Llanelli wellness village: Councillors reject 'negativity'

Artist's impression of Wellness and Life Science Village Image copyright Carmarthenshire council
Image caption An artist's impression of the village at Delta Lakes

Council leaders have called for an end to "negativity" over plans for a £200m health and leisure project.

Two reports had given Carmarthenshire council a "clean bill of health" over its handling of the Wellness Village in Llanelli, the authority's leader Emlyn Dole told cabinet colleagues.

Links with Swansea University were cut when staff there were suspended.

The Welsh and UK governments are reviewing the project but Mr Dole said it could still go ahead.

'No misuse'

One of 11 City Deal projects for the Swansea Bay region, the village at Delta Lakes is predicted to create up to 2,000 jobs in health, leisure and research facilities.

In November, Swansea University suspended four members of staff in a move which was later confirmed as being linked to its role as a partner in the project.

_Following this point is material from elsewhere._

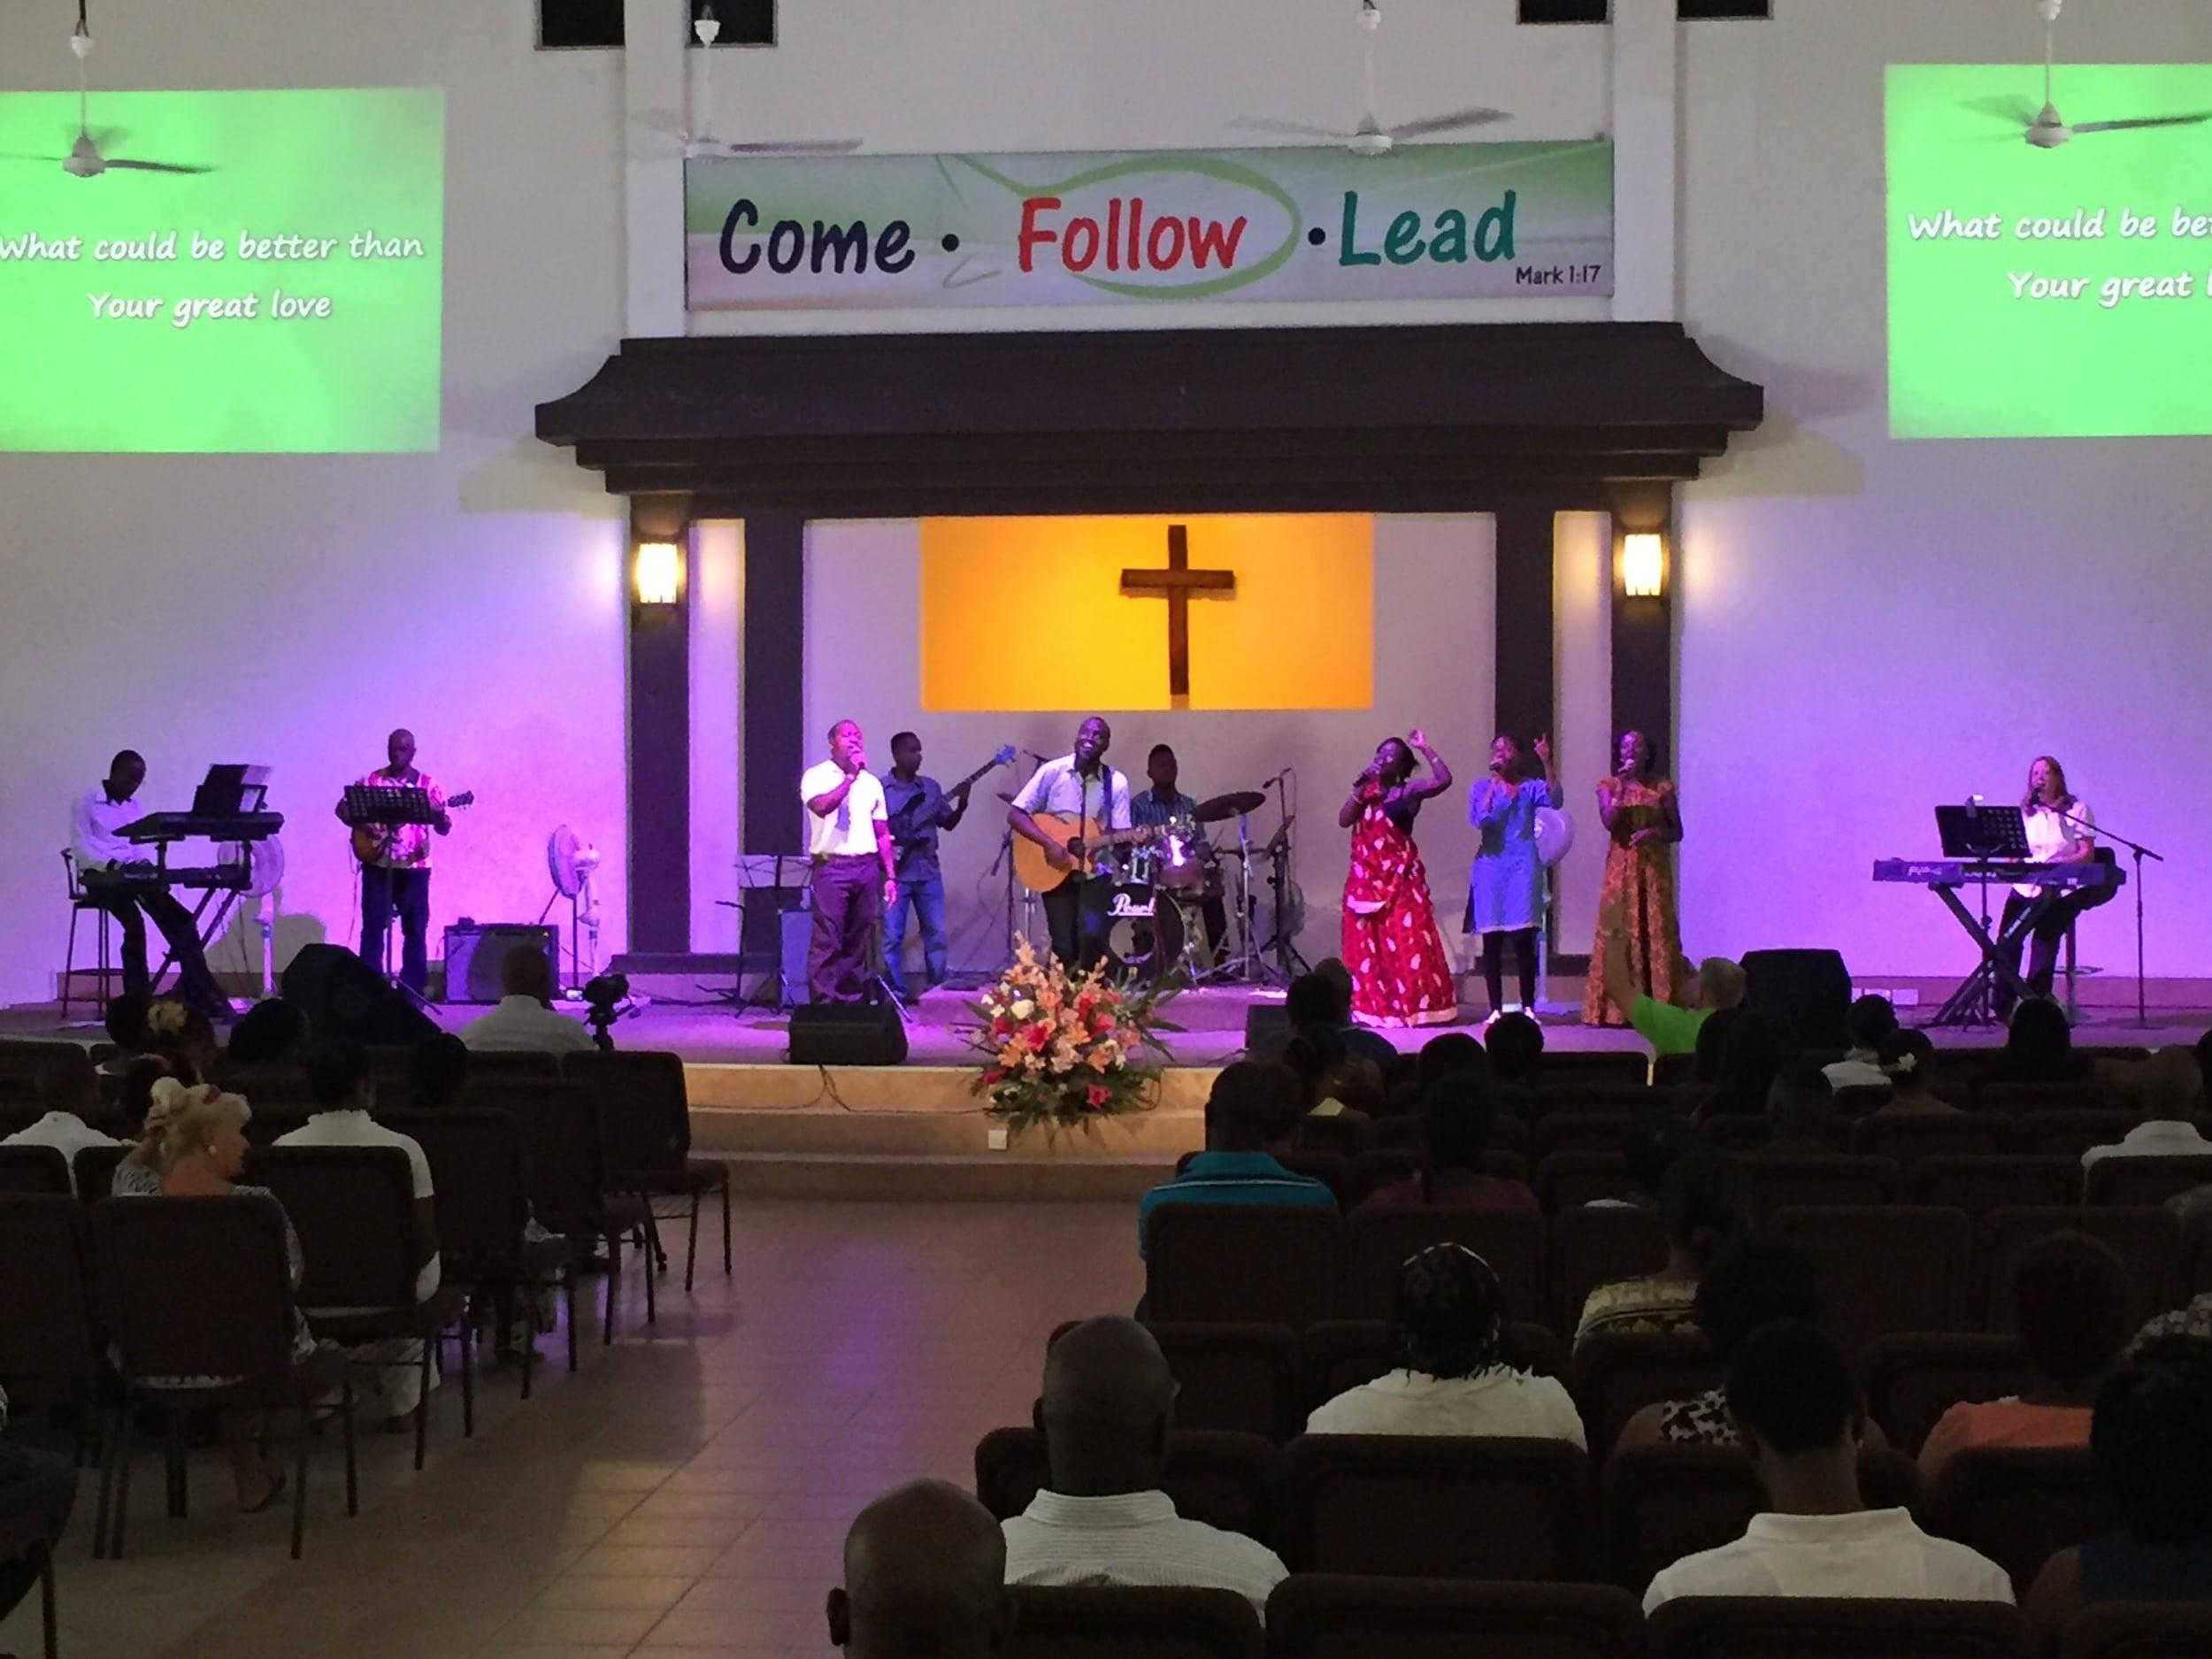 The Crossroads Fellowship worship team

Carmarthenshire council terminated its collaboration agreement with the university and private partner Sterling Health, and ordered a review of its handling of the project by Acuity Legal and requested further oversight from the Wales Audit Office (WAO).

Acuity Legal said the council had "followed a robust process, which demonstrates many facets of good governance and management of risk", while the WAO added that the authority had "effectively managed risk to protect public money".

Welcoming the reports, Councillor Dole said: "There has been no misuse of, or risk to, public funds."

He said the council still intended to deliver phase one of the village in 2021, as planned, and "was open to looking at all options" to ensure delivery.

Glynog Davies, executive member for education, said: "There is still a great deal of negativity regarding this project.

"It is so, so important. It offers so much to the people of Carmarthenshire - it will hopefully create jobs.

"So why this negativity all the time? I very much hope now that we can move on."

Cefin Campbell, the member responsible for culture, said the university suspensions had "shed a dark cloud" over the project but claimed it was time to look ahead.

The university is investigating the suspensions - now involving five employees - and has made a formal criminal complaint as part of the process.